• **Exercise brief**: Restate, word for word, the run of lines that starts at the line containing "l'une des conférence" and ends with the final line of the listing. Leave pictures out.

═══ Given material ═══

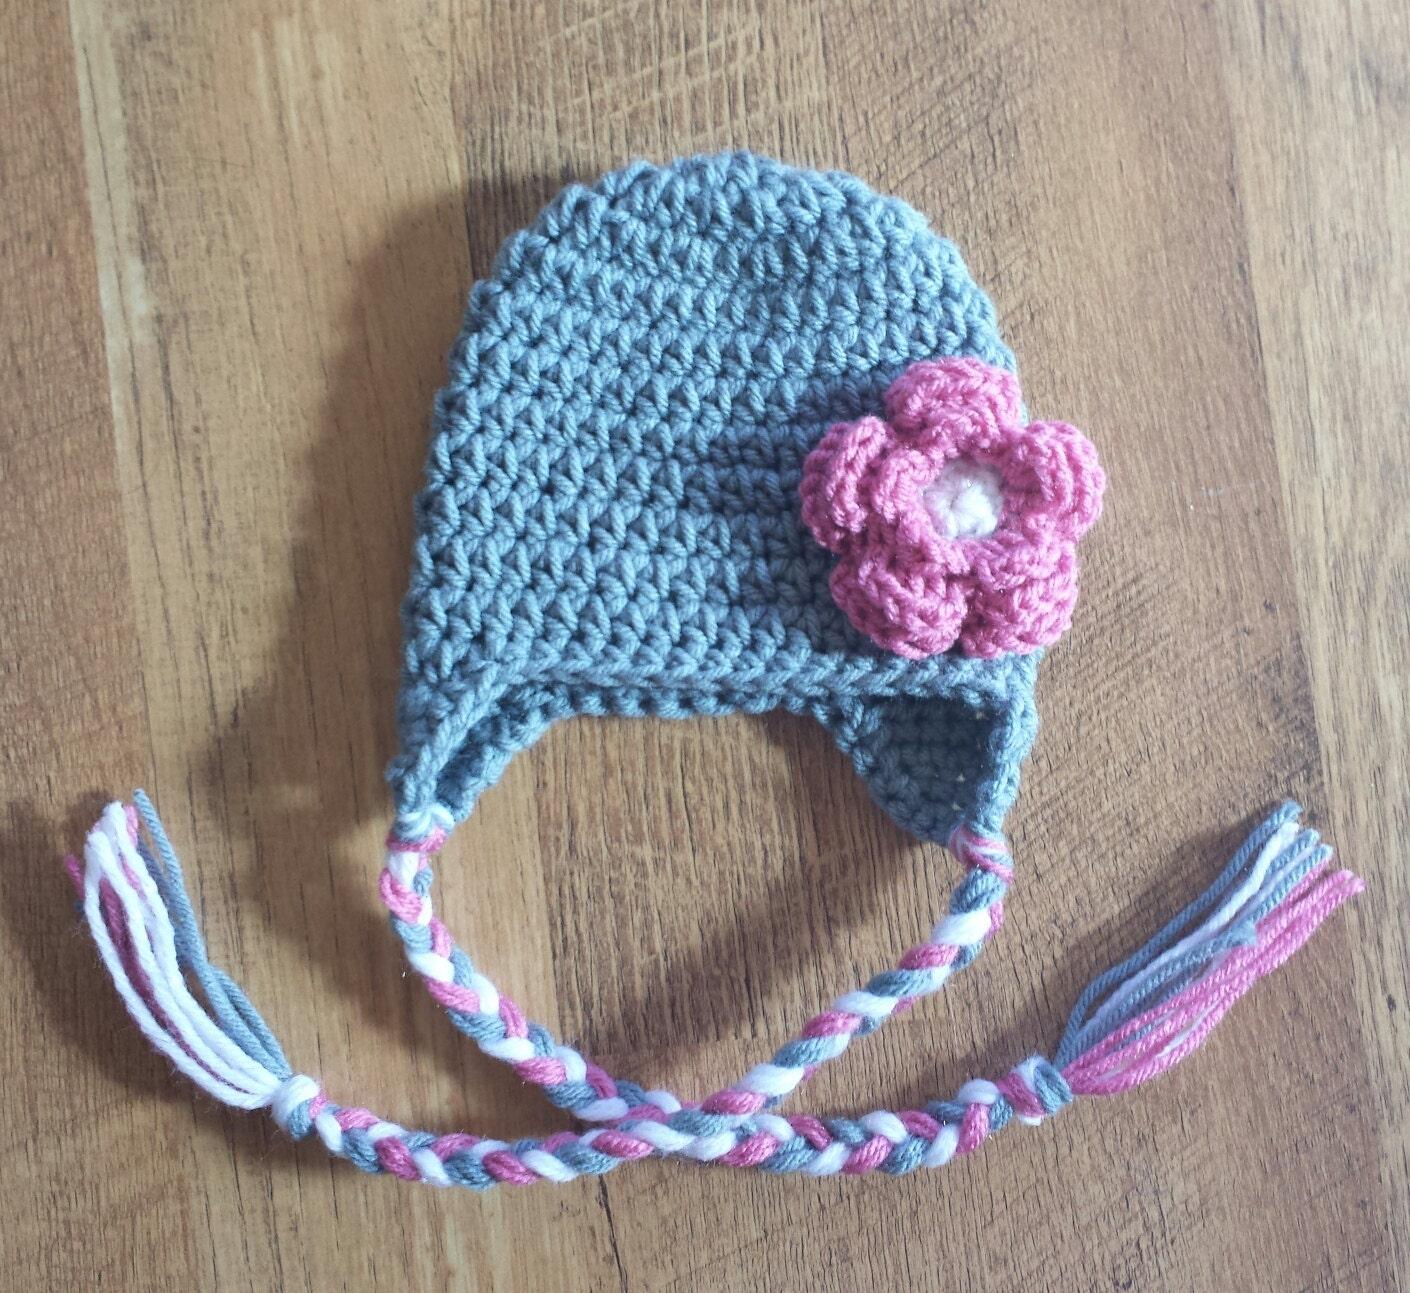 Crochet Beanie Hat With Ear Flaps Pattern : Items similar to Crochet Pattern for Flowered Beanie with ...
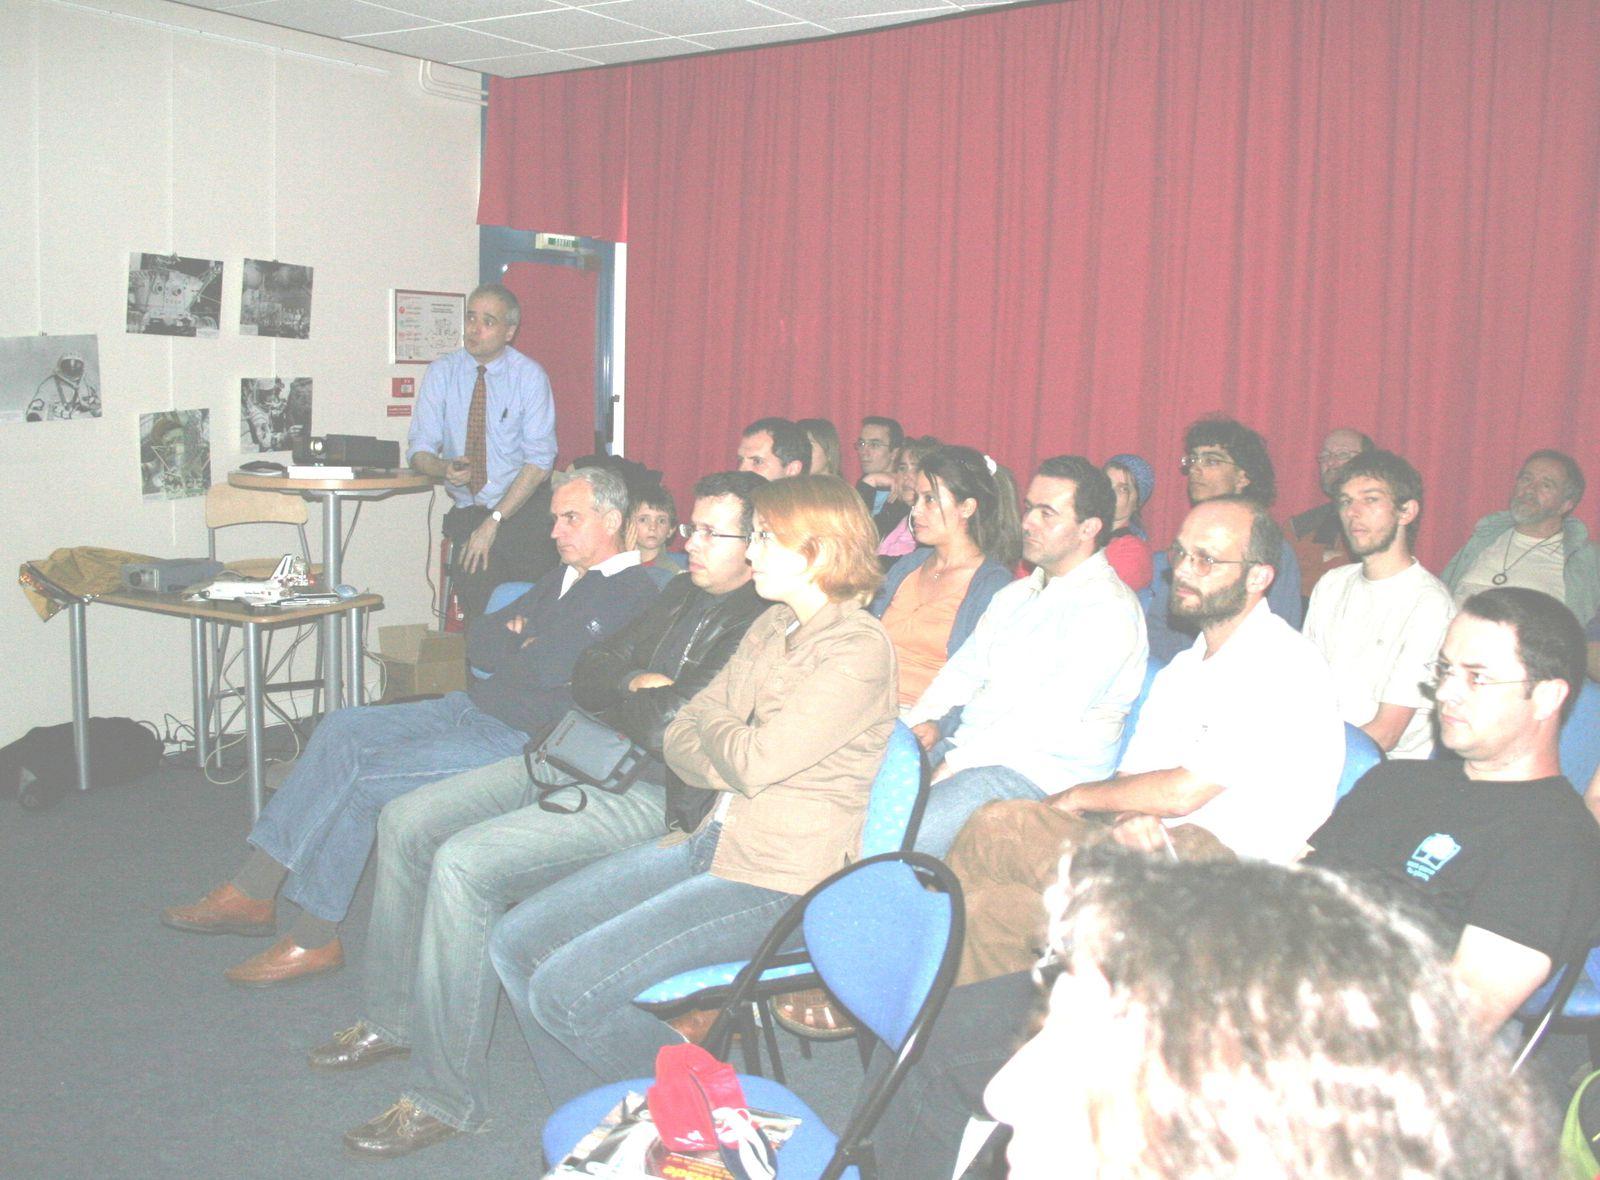 l'une des conférence de Jean-François PELLERIN à l'occasion des 50 ans de conquête spatiale en 2007
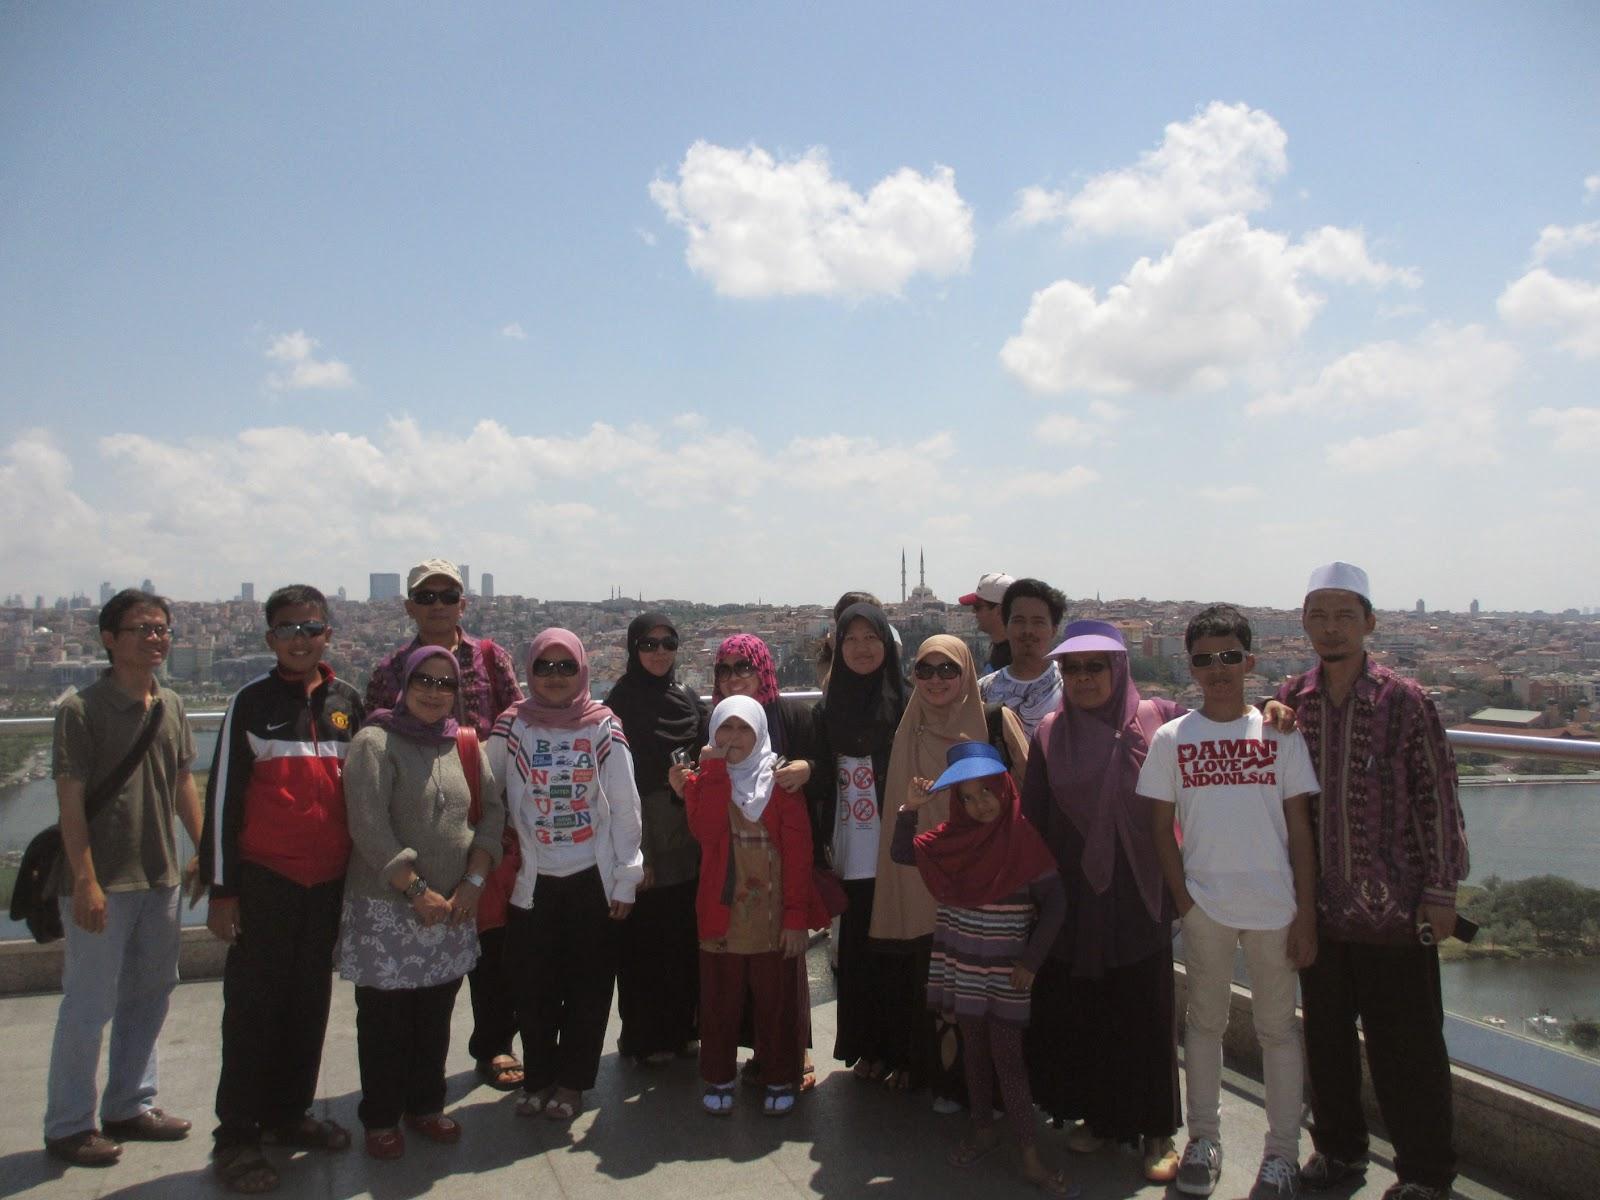 Travel Umroh Lampung Terbaik Bagus dan Terpercaya

═══

• **Answer area**:
 l'une des conférence de Jean-François PELLERIN à l'occasion des 50 ans de conquête spatiale en 2007
 Travel Umroh Lampung Terbaik Bagus dan Terpercaya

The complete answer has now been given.